Letter from the Editor: March 2009

March 2009

Two themes dominate this month’s issue: food and death. As themes go, it’s hard to think of two that touch more people’s lives. Undoubtedly, the vast majority of us earth-dwellers are unified by our dependence on the former and avoidance of the latter. Even those unhappy few in the pro-death, anti-food wing of humanity are, by their very nature, philosophically invested in the subjects. But in magazine parlance, a Food & Death Issue is what they call a “hard sell.” True, everyone likes to eat and most of us don’t want to die, but it’s somehow unappetizing to brood over the end while you’re gnawing on a lamb shank or oooing and ahhhing over a devilishly tasty amuse bouche. So we cut to the chase and dubbed this the Best Restaurants issue. That ought to take your mind off the dark stuff.

But before you dig in, a little more about that final good night. Not all of us go gentle into it, that’s for sure. About two years ago, executive editor Linda Vaccariello noticed a short article about a body that had washed up on the banks of the Ohio River near North Bend. Dead bodies appearing anywhere tend to get your attention, but in this case the intrigue went deeper. What happened to this woman? How did she end up floating in the river? And most of all, who was she? Those questions led Vaccariello to a subculture that has grown over the last few decades—a world inhabited by detectives and pathologists and coroners and loved ones, all looking for the same thing: a name to give the nameless. Her story is a fascinating window into that world. Kathy Y. Wilson travels that same territory, though in her case the subject of her story—the artist and renowned printmaker Thom Shaw—is, thankfully, very much alive. Still, for Shaw, mortality is an ever-present, intimate, painful issue due to the health troubles he’s experienced over the years. But whatever doesn’t kill you makes you stronger, right? Shaw’s bouts with illness have certainly had an intense effect on his art, which in the end is what he cares about the most. As he tells Wilson, “I really don’t even look at the future…I’m more concerned about now.”

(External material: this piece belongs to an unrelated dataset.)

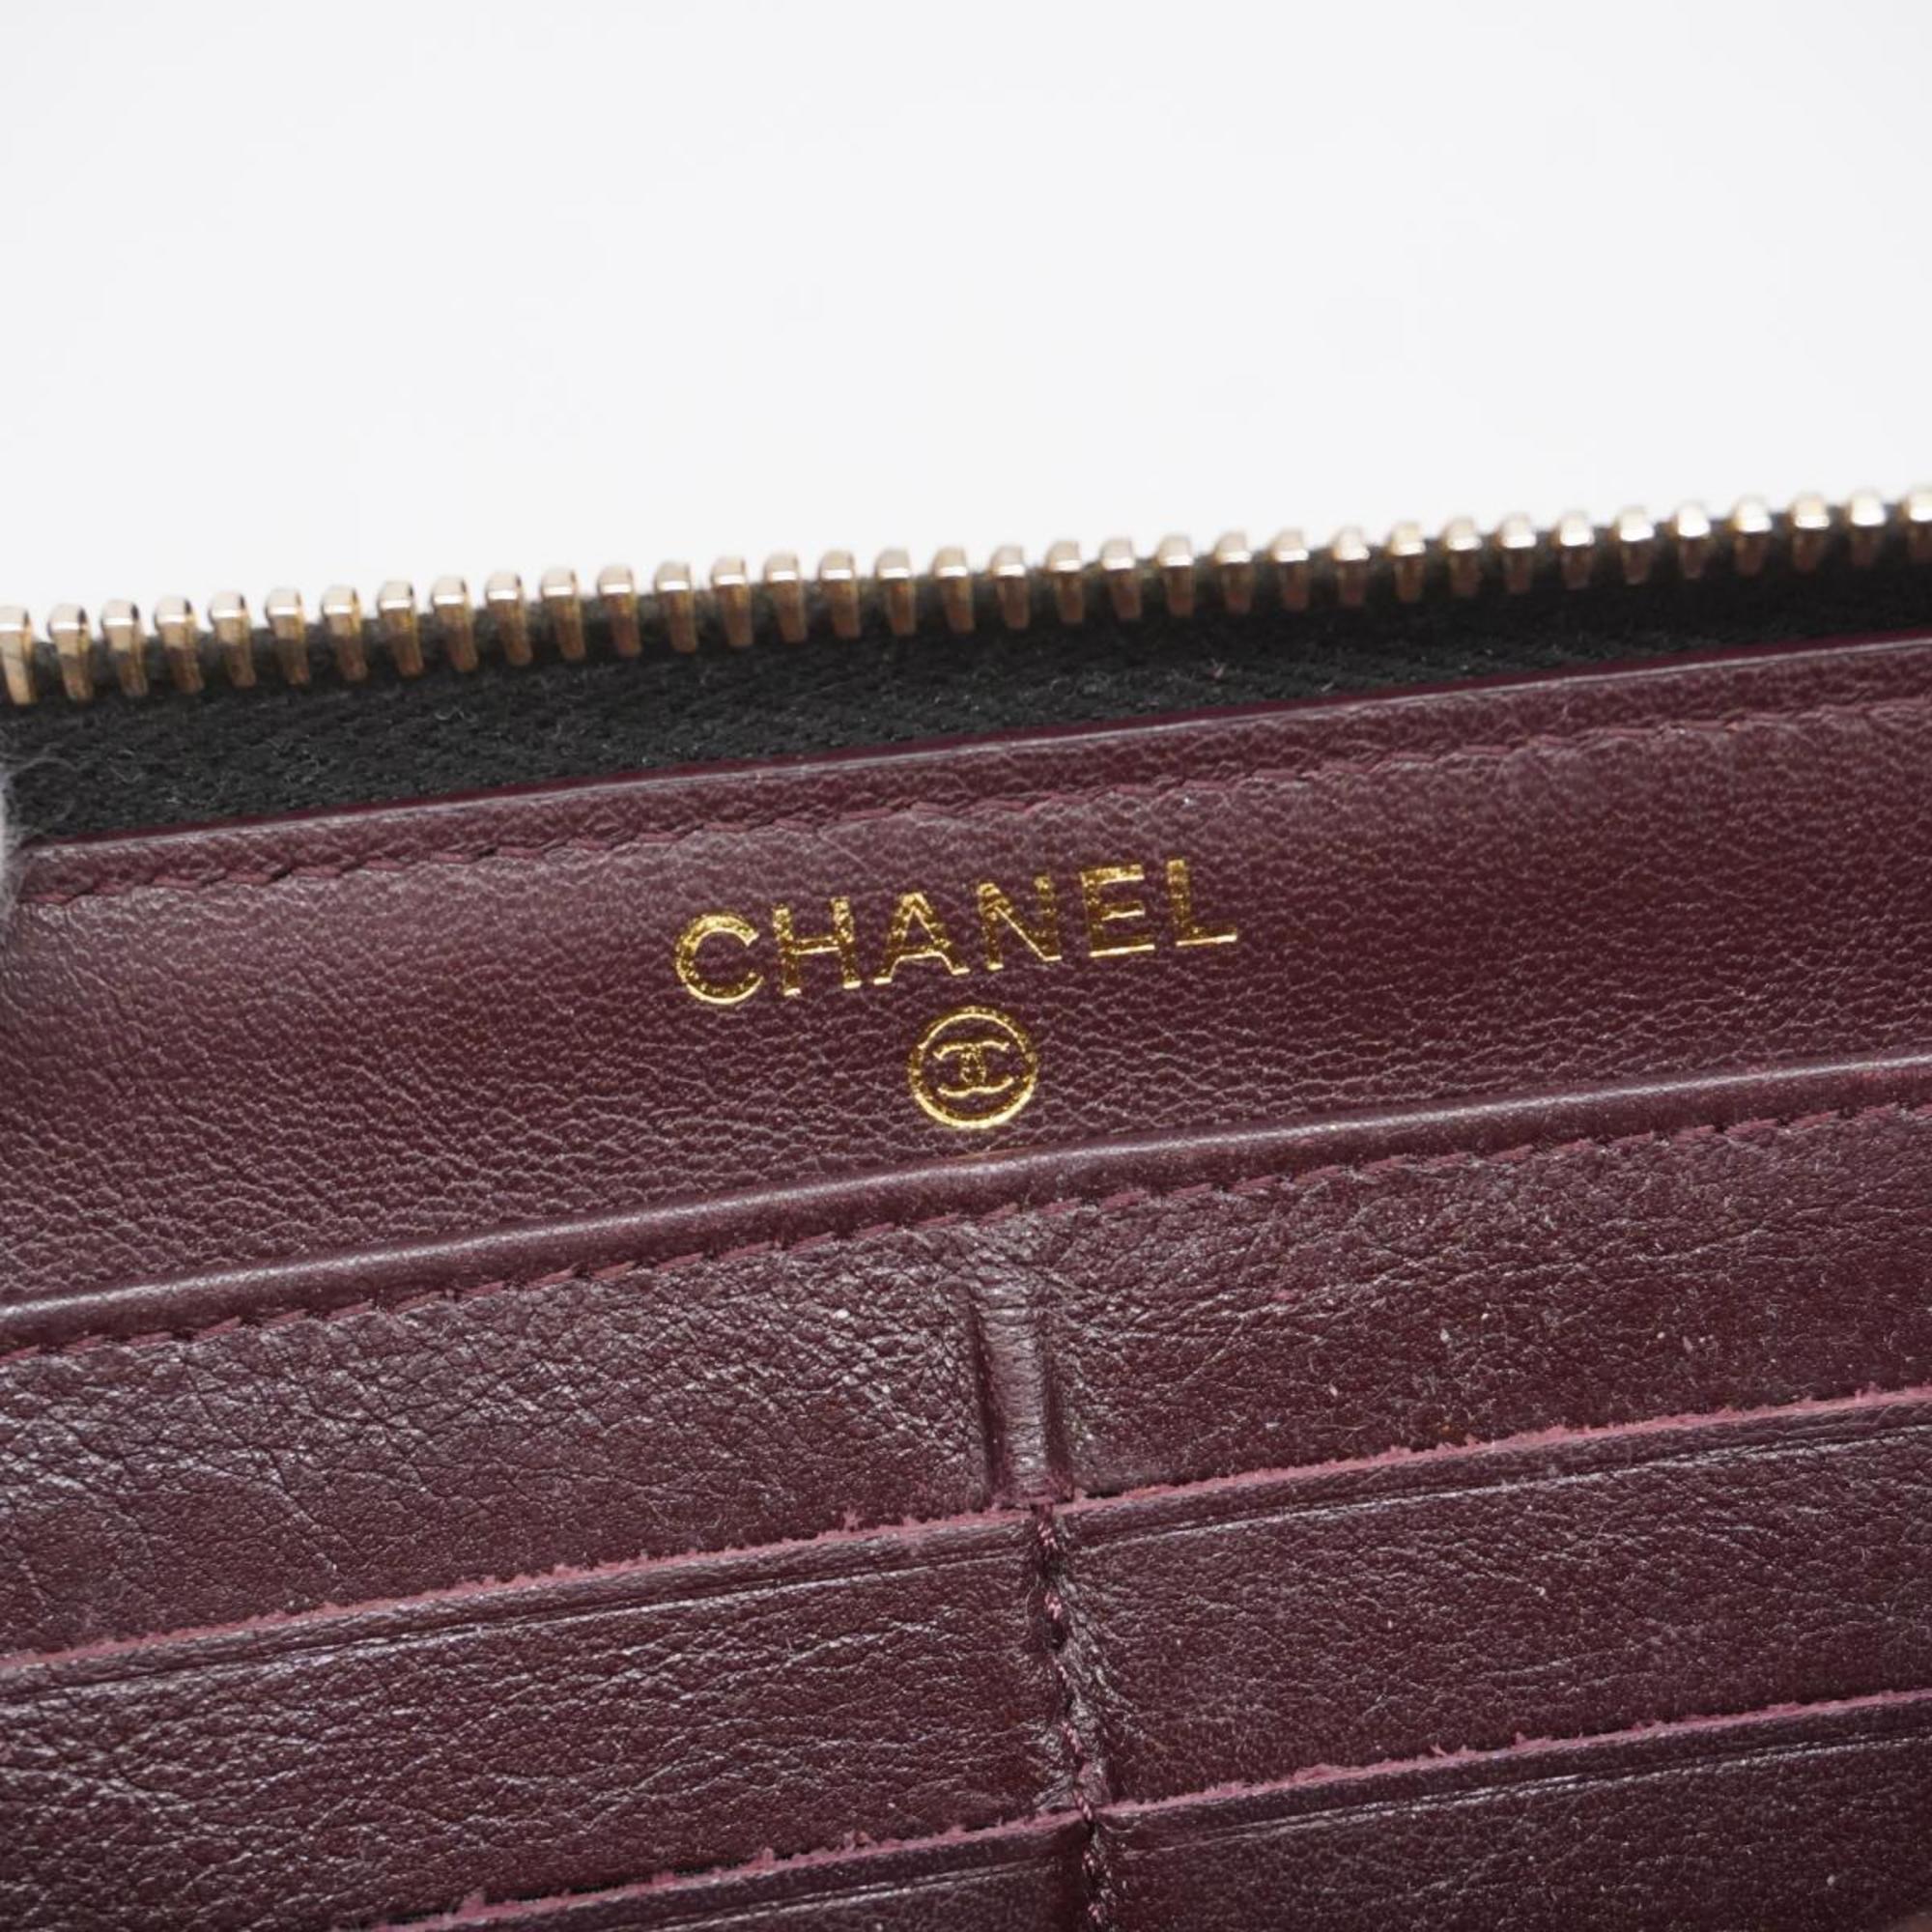 シャネル(Chanel) シャネル 長財布 マトラッセ キャビアスキン ブラック   レディース

Of course, right now, the now is not so much fun to live in. The economic meltdown the United States is going through has left few if any of us untouched. Which brings the food and death theme full circle: Our list of the Top 10 best restaurants this year is notable for many things—star chefs, boffo dishes, and excellent newcomers—but perhaps the most notable thing about it is the absence of Jean-Robert at Pigall’s. Jean-Robert de Cavel is not just one of the greatest chefs in the country, he’s a marvelous, winning, dynamic human being. A true mensch. Whether you’ve ever dined at his table or not, if you live here you’ve been the beneficiary of his great good grace and deep loyalty to this city. Which is to say, he makes Cincinnati a better place. While his flagship restaurant will be sorely missed, I hope we’re fortunate enough to keep Chef Jean-Robert in our orbit, not to mention a kitchen or two, so we can all look forward to living in the now.